Sal Durante, the man who caught Maris' 61st home run ball, offered to return it to Maris. Maris politely declined and even encouraged Durante to sell the memorabilia in order to earn some money. Durante sold the ball for $5,000 to a restaurateur, who gave the ball to Maris. Maris donated the ball to the National Baseball Hall of Fame and Museum in 1973.

Mantle returned from injury later that season, thus enabling both M&M Boys to participate in the 1961 World Series. Though Maris and Mantle's batting averages throughout the series were a mere .105 and .167, the Yankees were able to defeat the Cincinnati Reds, 4 games to 1. At the end of the season, Maris won the AL MVP Award for the second consecutive year. The voting points and percentage of votes for the M&M Boys were exactly the same as in 1960, with Maris garnering 202 points to Mantle's 198 points.

Mantle was elected to the Hall of Fame in 1974 on his first ballot appearance. On the other hand, Maris never met the 75% threshold required for induction into the Hall and was eliminated from future BBWAA voting in 1988, his 15th and final time on the ballot, where he garnered 43.1% of the vote (the highest vote percentage he received). Nevertheless, the Yankees honored both Mantle and Maris by retiring their numbers and presenting them with plaques that hang in Monument Park.

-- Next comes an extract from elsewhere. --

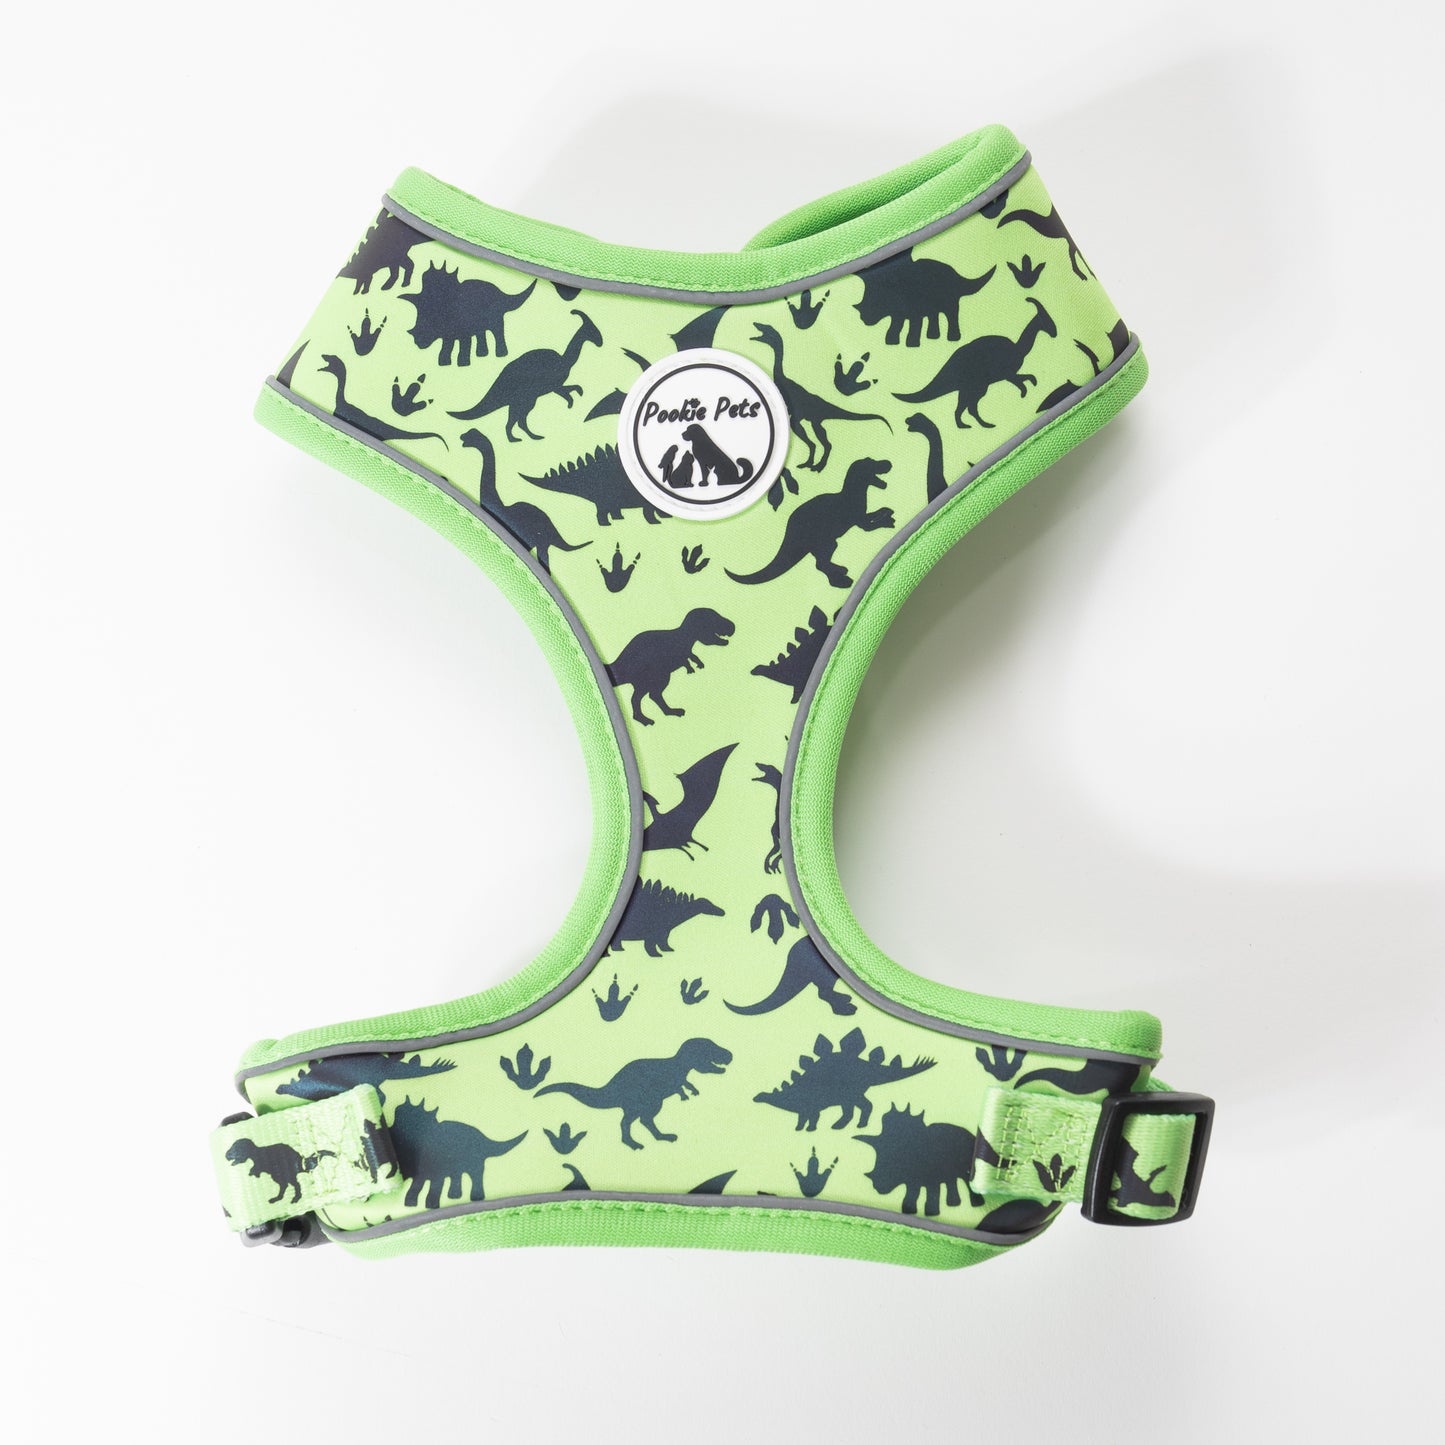 Dinosaur-themed Reflective Adjustable Comfort Harness - Pookie Pets

In 1991, thirty years after Maris hit 61 home runs, commissioner Fay Vincent ruled that there be only one single-season home run record and that any notation beside Maris' record (denoting that he hit 61 home runs in a 162-game season) be eliminated. Maris died six years earlier in 1985. Thus, he never knew the record was his.

==Group achievements==
During their record-breaking season of 1961, the M&M Boys became the only teammates to join the 50 home run club in the same season, hitting a combined 115 home runs to break the single-season record for home runs by a pair of teammates. This record was previously held by Yankee sluggers Babe Ruth and Lou Gehrig, who hit 60 and 47 home runs, respectively, in . In addition, Mantle and Maris combined to record 269 RBI.

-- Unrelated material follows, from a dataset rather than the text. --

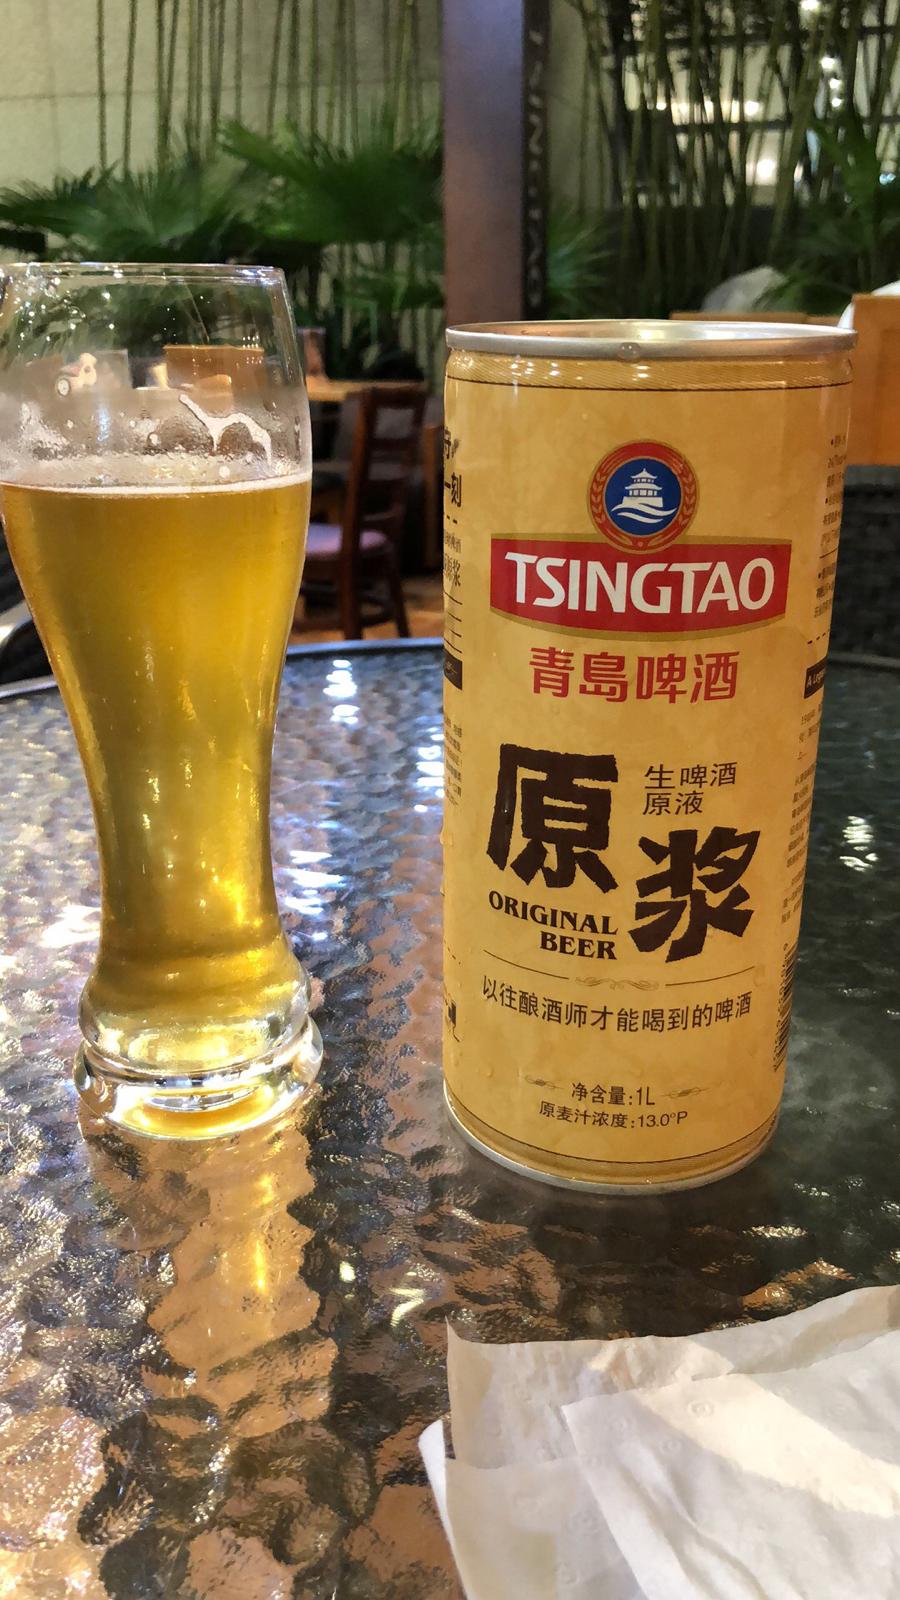 Yuan Jiang (Pure) Original Beer

==Relationship off the field==
Contrary to popular belief, the M&M Boys were actually close friends and no hostility existed between the two of them. The two shared an apartment in Queens with fellow outfielder Bob Cerv during the 1961 season and when Mantle suffered an injury towards the end of the season, he openly rooted for Maris from his hospital bed in the latter's quest to break Ruth's single-season home run record. The stories of a feud developing between the M&M Boys during the 1961 season were inspired due to the media hype surrounding their quest to break Ruth's record.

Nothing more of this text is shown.